First step: combine all text files into one. I’ve done that already, using Automator on OSX. It’s handy for stuff like this.

Step two: write a python script that filters out all punctuation, line breaks, tab breaks and spaces.

This leaves me with a huge list of over 200,000 words.

Step three: modify script so it counts up how many times I’ve used each word.


Total number of unique words in the diary: 9,608. Is that a lot? I guess it’s a pretty varied vocabulary.

The top 10 most common words:

10449	 i
9310	 the
7244	 and
7115	 to
5633	 a
2871	 it
2705	 in
2573	 of
2327	 my
2280	 but


Step four: import into a spreadsheet where I can scroll through the words and tag each one as either a Name, a Place, a kind of Food, an Action or an Object. The vast majority of words are none of these, of course.

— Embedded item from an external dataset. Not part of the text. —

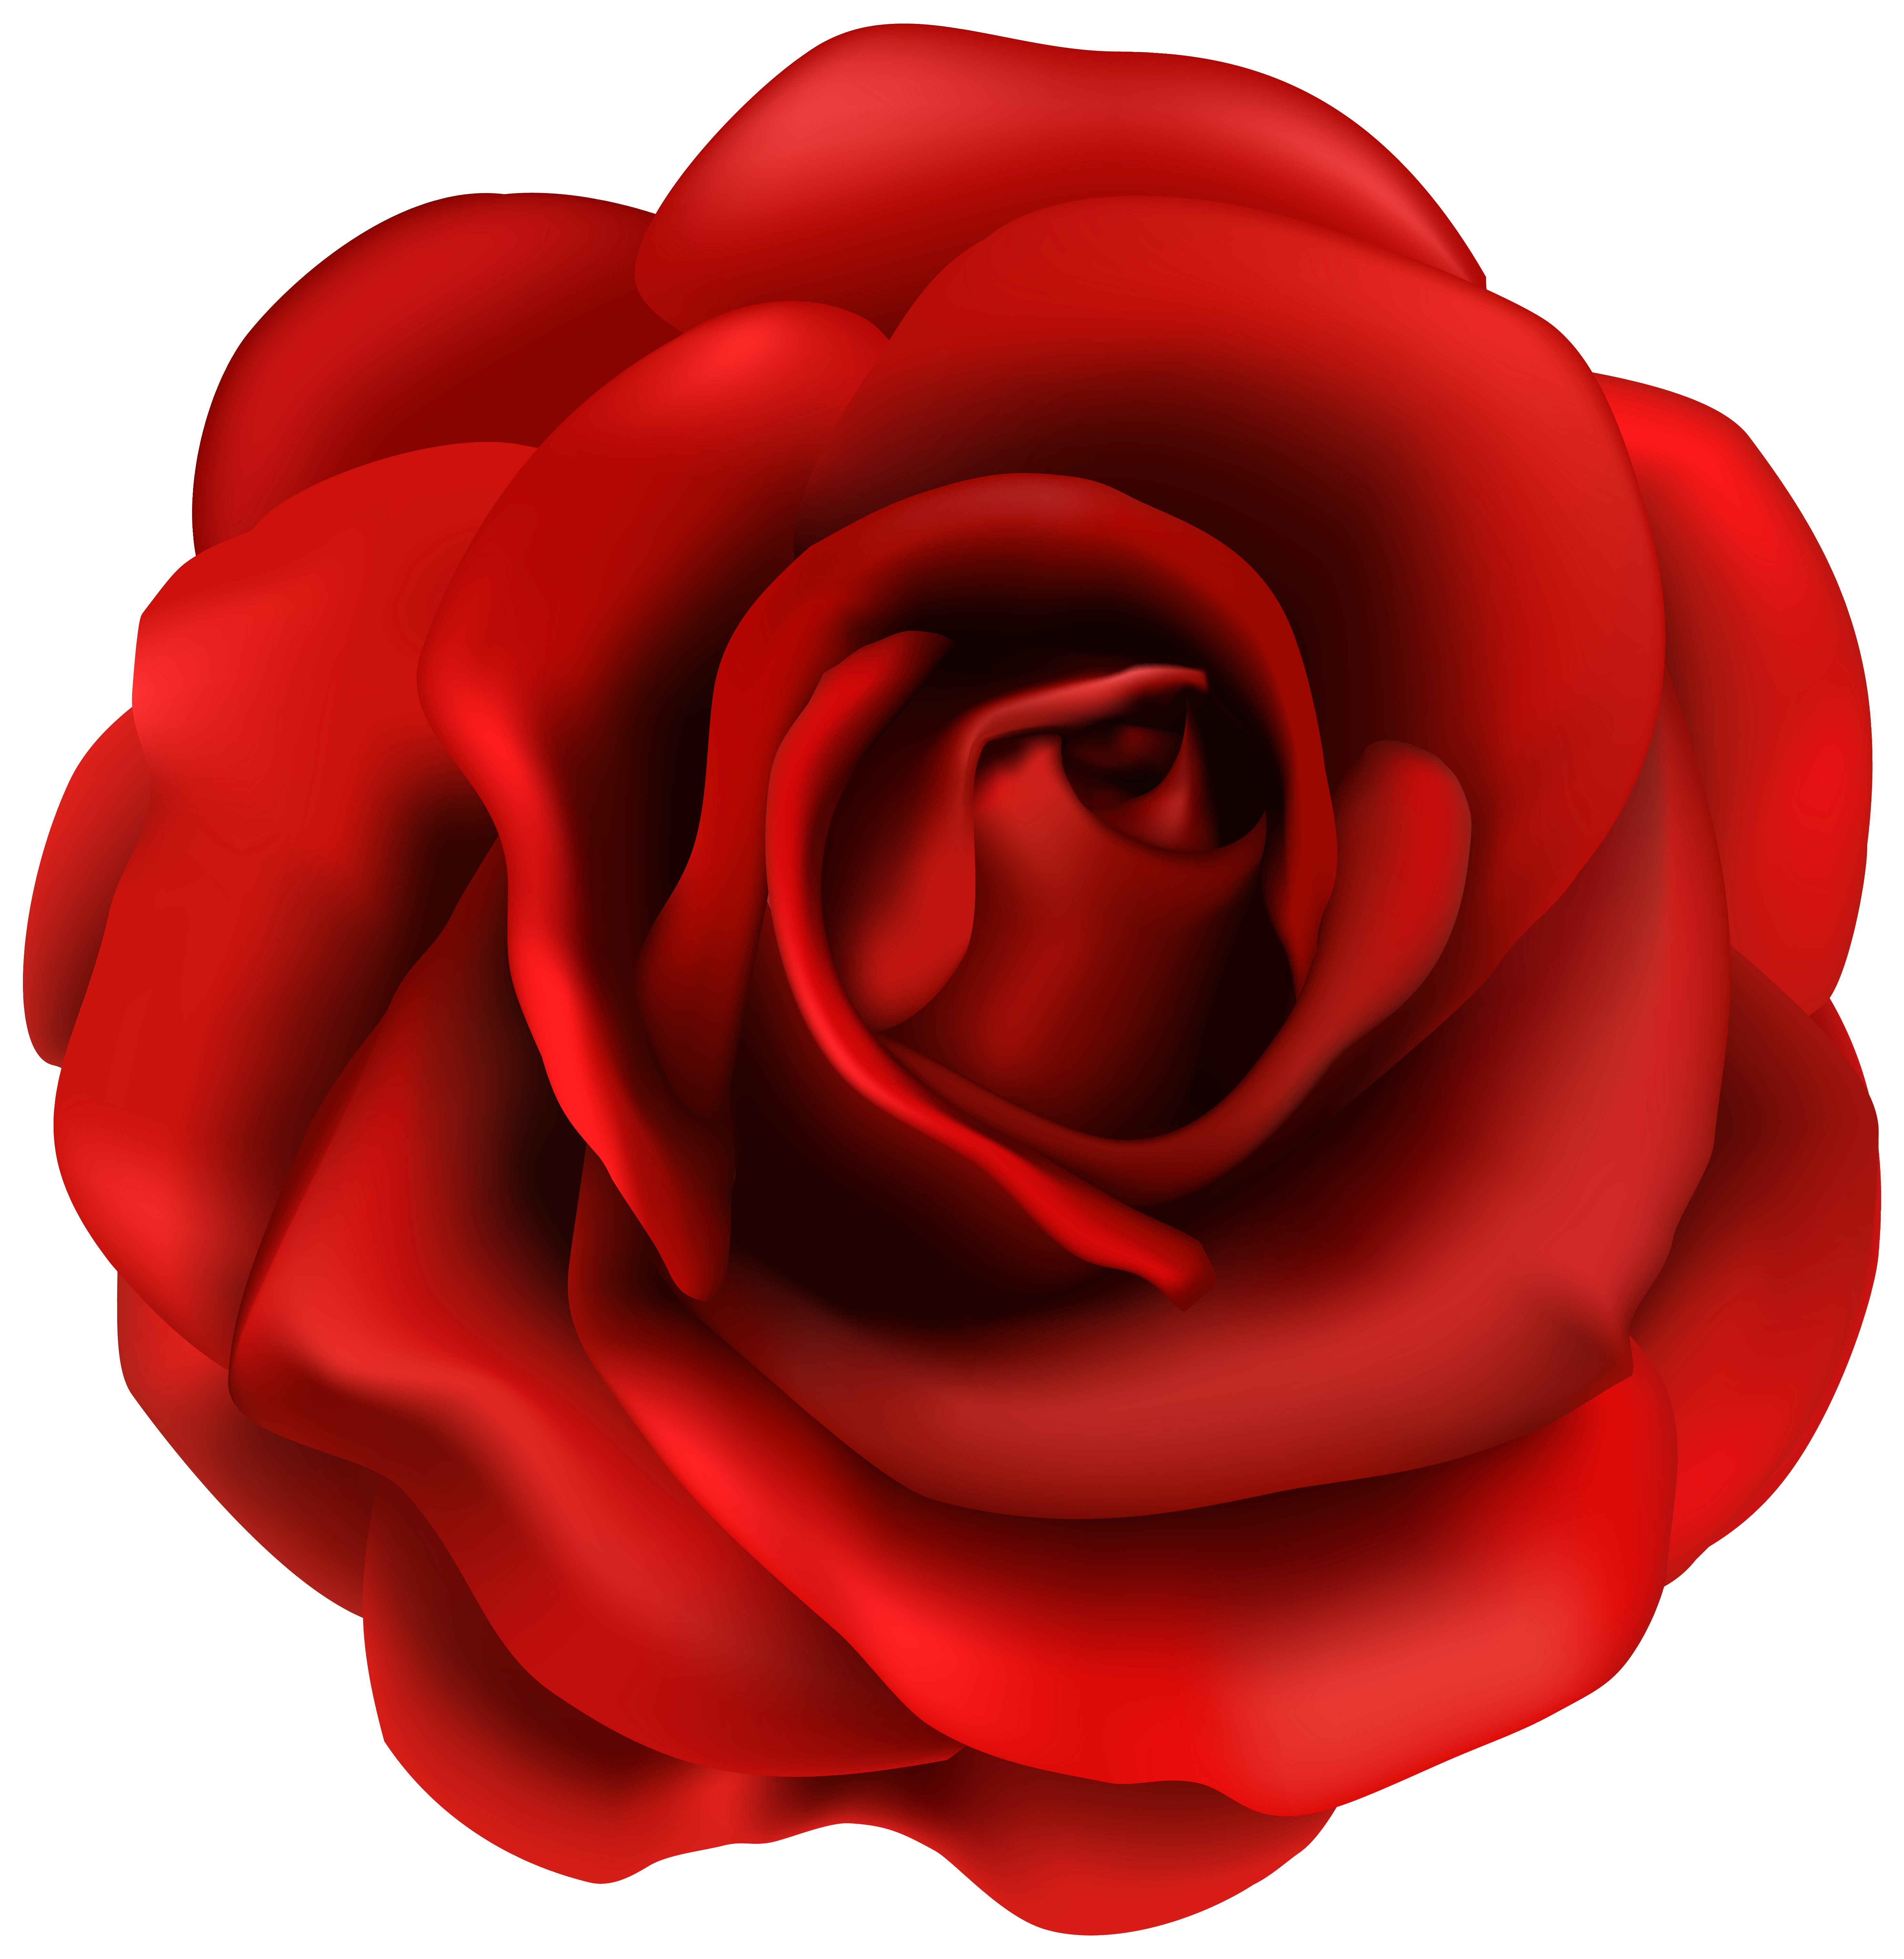 Red Rose Flower PNG Clipart Image

This is more time consuming, of course. I decided to ignore all words I only used once or twice each, as they make up about two thirds of the 9,608 words. And I’m just not clever enough at python scripting to do anything like this automagically (and certainly not while unconnected from the internet) so I tagged each word by hand.

The results?

Let’s start with food-related words. I’ll share the top 24.

267	 food
227	 breakfast
126	 dinner
97	 pizza
47	 burger
47	 eat
44	 drinks
42	 lunch
34	 eating
31	 tea
30	 drinking
25	 shots
21	 pasta
21	 tasty
18	 cake
17	 mustafas
16	 cheese
16	 chocolate
16	 hungry
16	 milk
16	 yummy
13	 coffee
11	 crepe
10	 parliamento

I think this is quite educational. I mention “pizza” more times than I mention “lunch”. This doesn’t mean I ate pizza more times than I ate lunch, but I guess pizza is more important for me to record in my diary than one meal of the day.

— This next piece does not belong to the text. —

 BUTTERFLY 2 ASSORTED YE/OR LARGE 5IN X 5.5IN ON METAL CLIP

Burger probably ranks so high because of the 8 Bacon Cheeseburgers in 8 Days project I undertook last September. Since then I’ve eat more burgers than I normally would do in a year, mainly to see if I can find a tastier burger. And, of course, with such a project in mind I’ll write about it in my diary more often.

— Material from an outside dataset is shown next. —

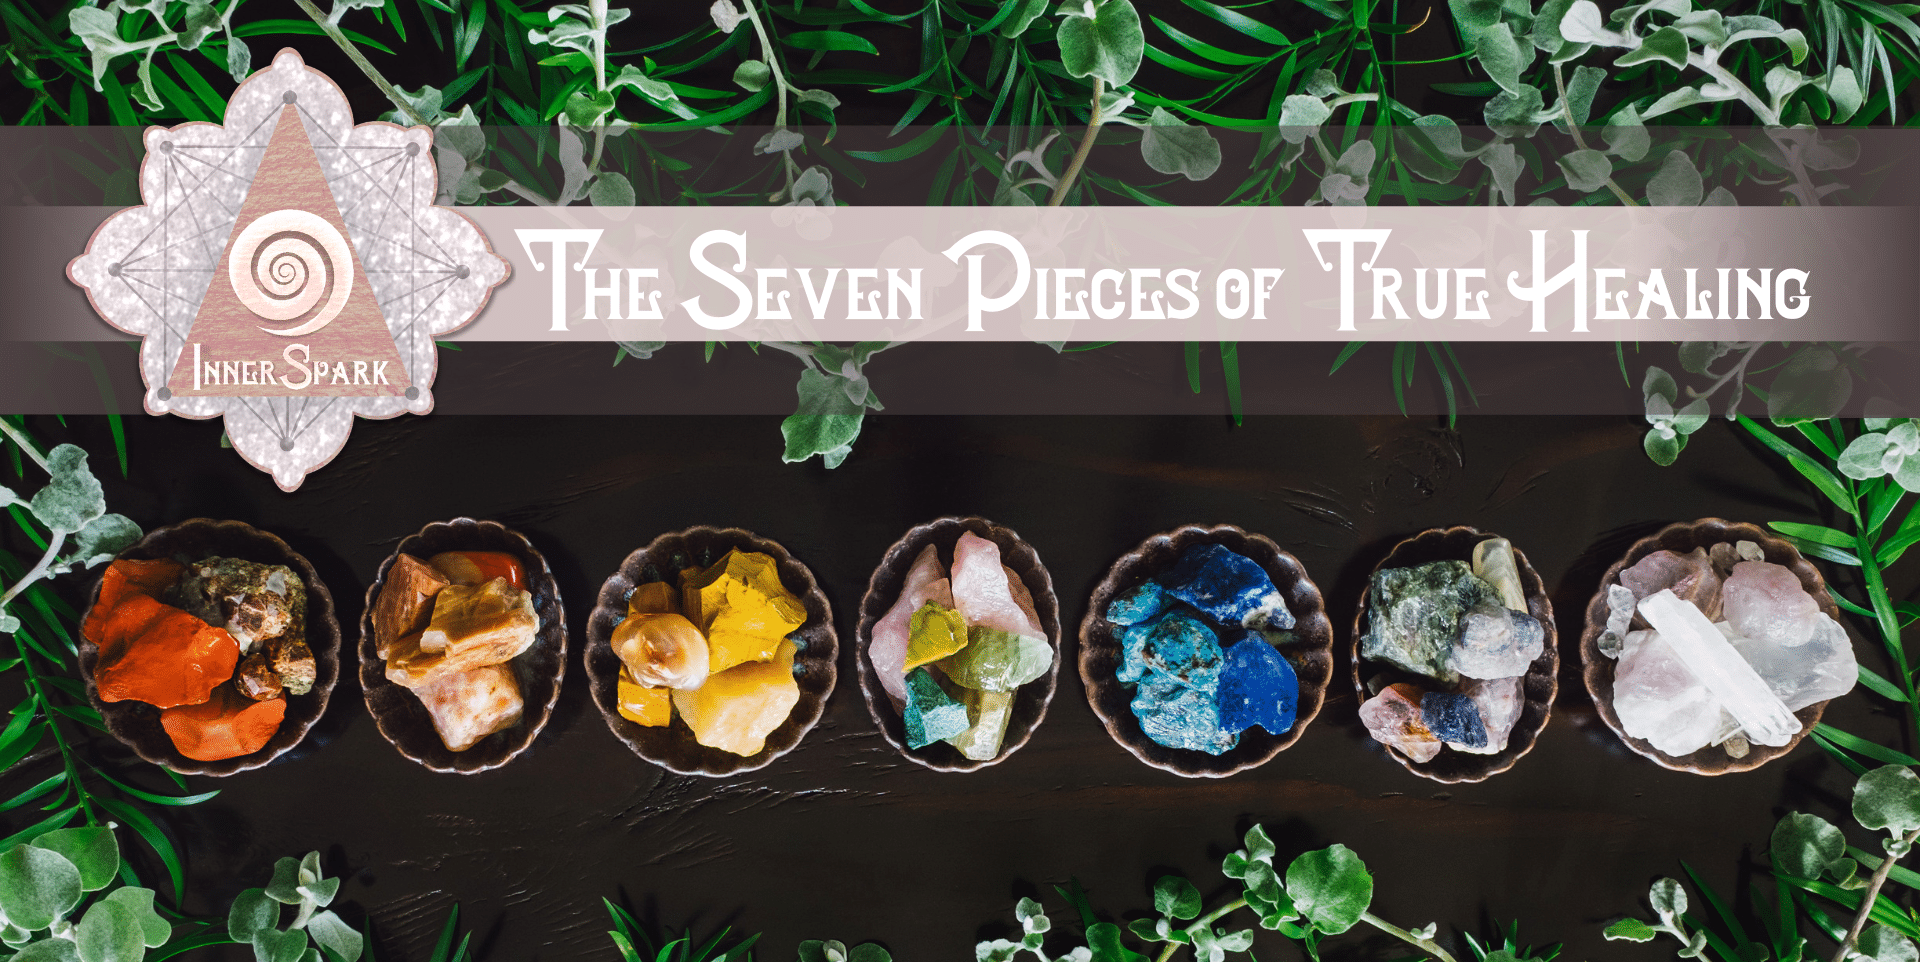 The 7 Pieces of TRUE Healing

Mustafa’s Hänchen Gemuse Kebab? The best kebab place in Berlin which happens to be right on my street? 17 visits in the last year, I’m guessing. And 10 trips to Pizza Parliamento, my favorite pizza restaurant near my apartment.

“Tasty” and “yummy” pop up more than I would have thought. I guess “yummy” is a word I’d use more in a diary than normal conversation.

Next set of results:


139	 berlin
127	 park
122	 bar
71	 apartment
71	 hotel
65	 ejc
61	 hot-tub
52	 airport
47	 gym
41	 prinsendam
40	 london
39	 bookshop
37	 cabin
32	 hill
27	 cafe
26	 boat
25	 theatre
24	 bank
24	 ubahn
21	 port

Berlin wins, of course. But there’s a lot to learn about me here. “Park” means Victoria Park in Berlin, where I go to juggle every day when the weather is good.

“Bar” is self explanatory, right?

“Hot-tub”? When the weather is good in Berlin I go hang out in the park. When the weather is good while I’m on a cruise ship, and even when it isn’t, I usually spend an hour per day in the hot-tup and pool. On a sea day I hang out while the sun sets, otherwise I hang out while we sail out of the port.

“EJC” isn’t just a place, but an event, which I mention throughout the year as I was part of the organizing team.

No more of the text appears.